The wife alleges that throughout the negotiations leading to the settlement agreement, as well as in the divorce action, she was not represented by counsel and had no advice as to her legal rights; that she was induced to enter into the agreement by the false representations of the husband, his counsel and his friends; that the value of the property awarded to her by the agreement was substantially less than that represented, while that retained by the husband was considerably more; that at the time of these transactions she was mentally and physically ill and had no knowledge of her lawful and just rights under the circumstances.

It is urged that the trial court erred in holding that the instant action is a collateral attack on the divorce decree, and that such decree is res judicata of the issues presented by plaintiff’s complaint. Defendant contends that the agreement was merged in the divorce decree, hence is a bar to this action.

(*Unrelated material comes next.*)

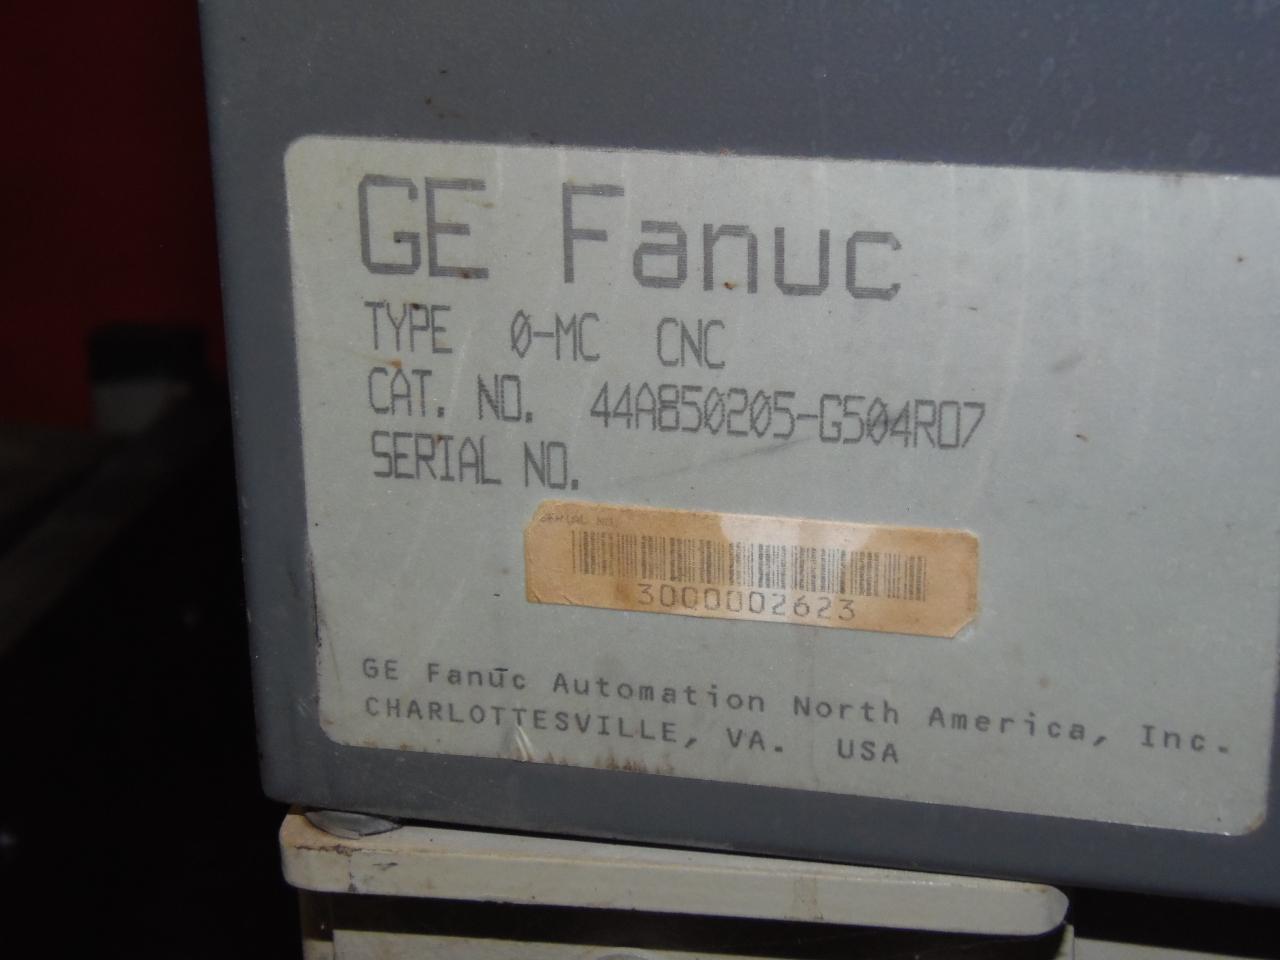 GE FANUC O-MC CNC CONTROL WITH CABINET, WITH A06B-6058-H334, A06B-6059-H203, A02B-0098-B511, 1990, FANUC 0-MC

The question posed here is: May the plaintiff assail the settlement agreement in a separate action as-fraudulent, or, under the circumstances shown, was the agreement merged in the divorce decree so as to render a separate action thereon a collateral attack on such decree? We think that McWilliams v. McWilliams, 110 *520 Colo. 173, 132 P. (2d) 966; Campbell v. Goodbar, 110 Colo. 403, 134 P. (2d) 1060; Edwards v. Edwards, 113 Colo. 390, 157 P. (2d) 616, and the later case of the United States National Bank v. Bartges, 120 Colo. 317, 210 P. (2d) 600, have resolved the question contrary to the contentions of the defendant. The rule announced in those cases may be summarized as follows: Where the trial court in a divorce action has had no part in determining the property and financial rights of the parties, other than to approve and confirm an agreement purporting to settle all such financial and property rights, the incorporation of such agreement by reference in the interlocutory or final decree in the action does not make the terms of such agreement an order or decree of the court; is not a determination by the court of the respective rights of the parties, but is their voluntary adjustment of their differences, and unless the terms thereof are adopted by the court and fully and specifically set forth in the order or decree, the rights of the parties rest wholly upon the contract and not upon the decree of the court.

McWilliams v. McWilliams, supra, was action for divorce commenced in the county court and a contract entered into by the parties by which they attempted to settle their financial differences. It was therein provided that the articles of agreement would be specifically referred to and incorporated in the divorce decree. The interlocutory decree entered thereafter recited the following: “Ordered, Adjudged and Decreed that the agreement heretofore entered into by and between the parties hereto, introduced in evidence herein and identified as Exhibit A be and the same is hereby approved by the court and made a part of this decree.” Later an action was commenced in the district court on the settlement agreement and a motion to dismiss was granted on the ground that the district court was without jurisdiction for the reason that the matter had already been adjudicated in the county court. The clear cut issue there, and *521 here, was whether the property settlement agreement was merged in the final decree. In holding that it was not, the court said:

“If the property rights and obligations of the parties to a divorce action, who have entered into a settlement agreement, are to rest upon the decree therein, then any such agreement as to those rights and obligations should be fully and specifically set forth in the decree, in order that the duties imposed upon, and the rights granted to, the parties can be ascertained from the decree itself.”